A meta-analysis of 2×2 diagnostic contingency tables was performed via a bivariate mixed-effects model. In the training sets, the pooled sensitivity and specificity were 0.91 (95% CI 0.84-0.95) and 0.74 (95% CI 0.67-0.79) for CT-based radiomics, and 0.86 (95% CI 0.57-0.96) and 0.89 (95% CI 0.83-0.93) for MRI-based radiomics. The sensitivity and specificity were 0.78 (95% CI 0.65-0.87) and 0.94 (95% CI 0.79-0.99) for MRI-based radiomics combined with clinical features.

In the validation sets, the pooled sensitivity and specificity were 0.65‐0.95 and 0.69‐0.73 for CT-based radiomics, and 0.81~0.89 and 0.70~0.91 for MRI-based radiomics.
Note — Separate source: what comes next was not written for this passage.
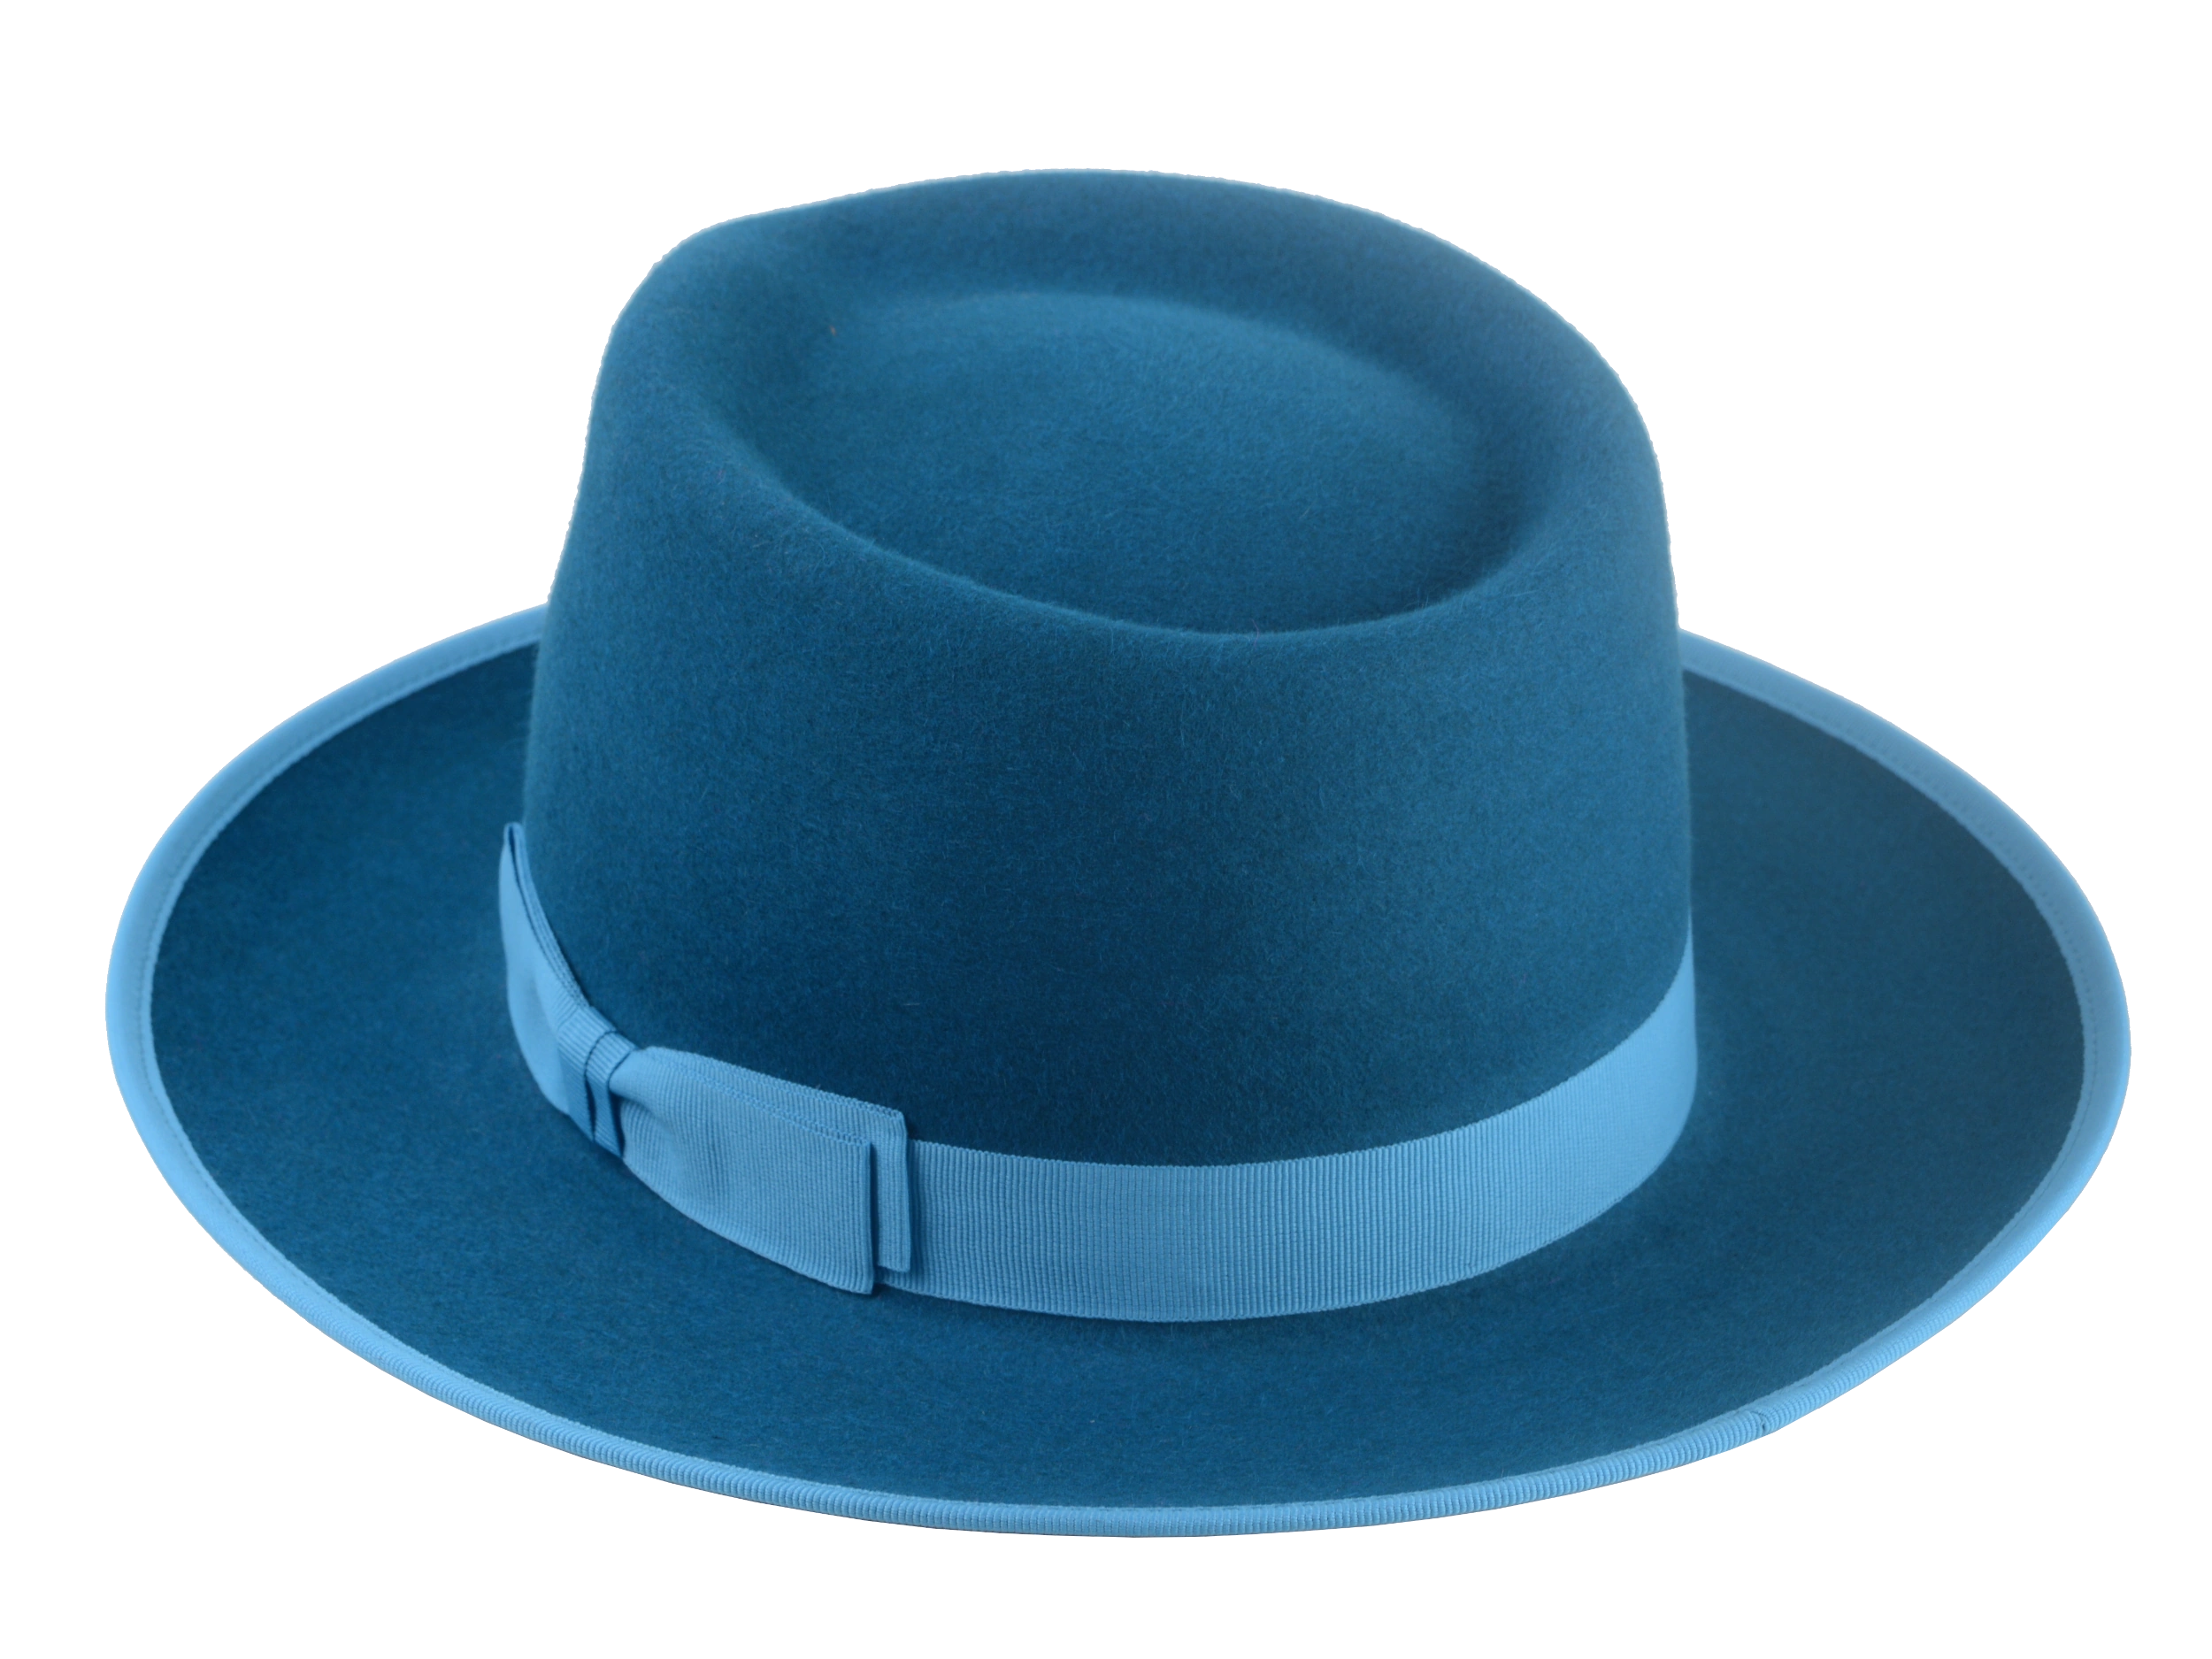 Close-up of Equinox dark teal fedora hat with sky grosgrain ribbon band and bow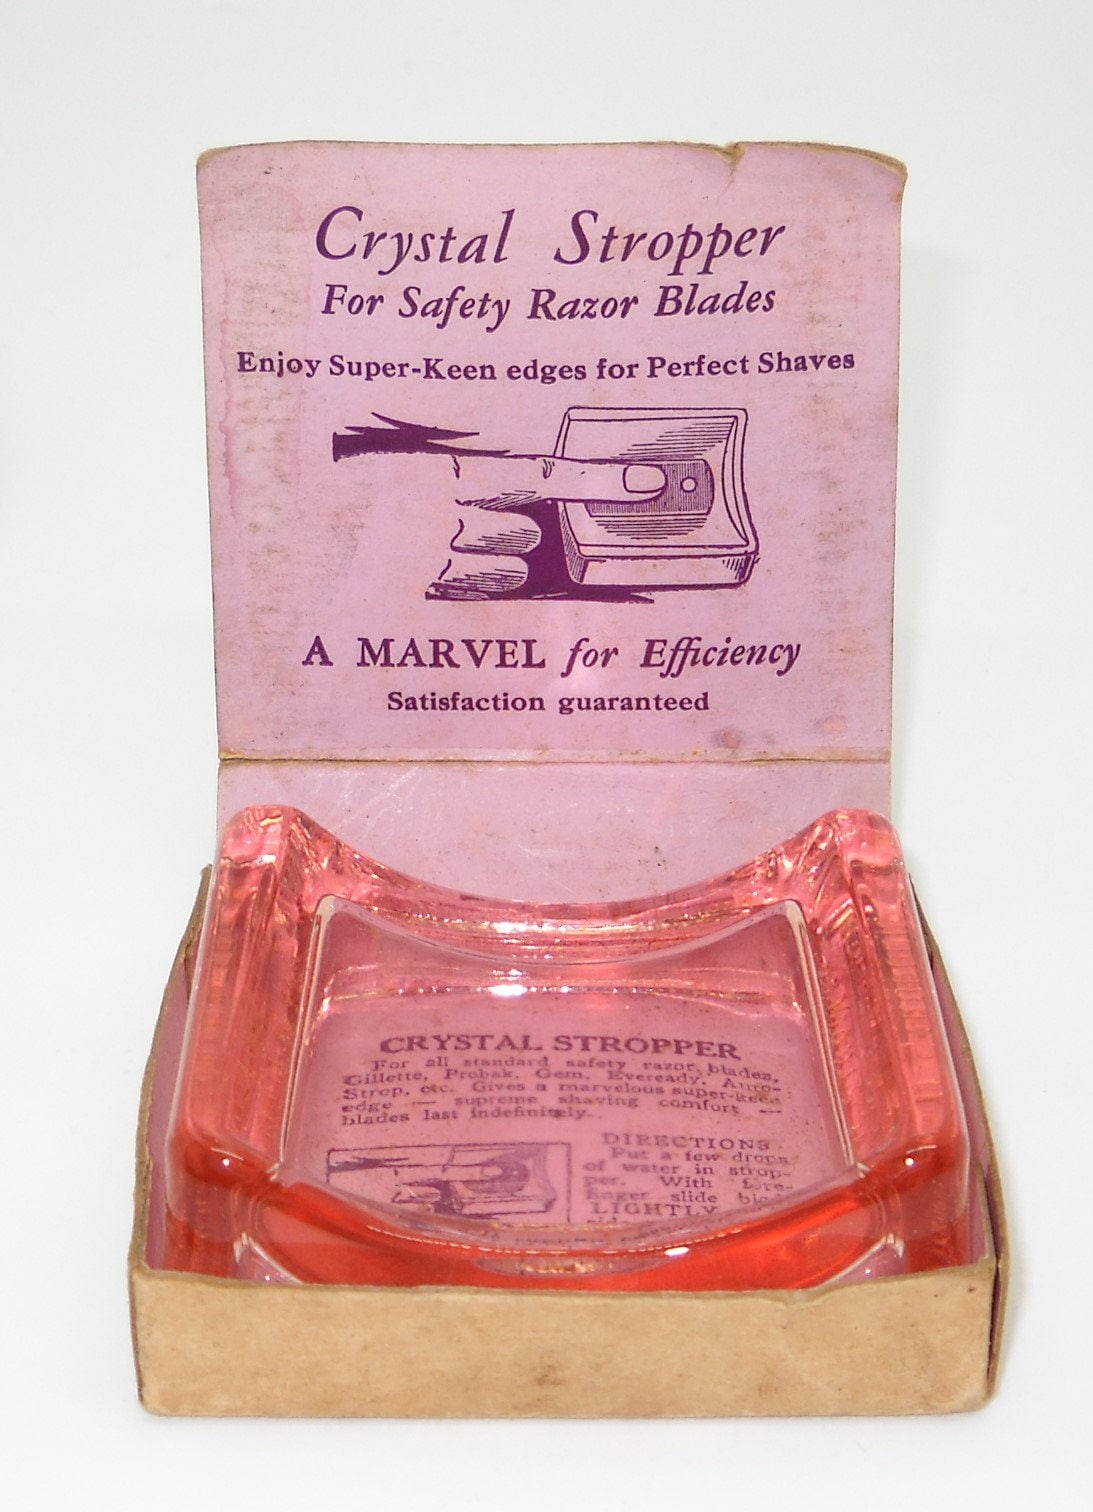 Glass Hone Safety Razor Blade Sharpener by Crystal Stropper Co. Milton Ma  in Original Box New Old Stock

The sensitivity and specificity were 0.54‐0.77 and 0.88‐0.98 for MRI-based radiomics combined with clinical features (Table 5).

Subgroup Analysis

Subgroup analyses of AUROC for the diagnosis of high-grade tumors were performed based on different imaging modalities and model types. In CT-based radiomics, the support vector machine (SVM) model was the predominant type. The pooled AUROC of SVM was 0.819 (95% CI 0.639-1.000; grade: very low) in the validation sets, with corresponding sensitivity of 0.65‐0.95 and specificity of 0.69‐0.72. Likewise, the LR model was the predominant type in MRI-based radiomics. The pooled AUROC of LR was 0.846 (95% CI 0.663-1.000; grade: very low) in the validation sets, with corresponding sensitivity of 0.81-0.89 and specificity of 0.70-0.91. In the validation sets, the model integrating MRI-based radiomics with clinical characteristics achieved an AUROC of 0.919 (95% CI 0.774-1.000; grade: weak). The corresponding sensitivity was 0.54‐0.77, and the specificity was 0.88‐0.98. Given the paucity of available studies using CT-based radiomics combined with clinical feature models, subgroup analyses could not be performed (Tables 4 and 5).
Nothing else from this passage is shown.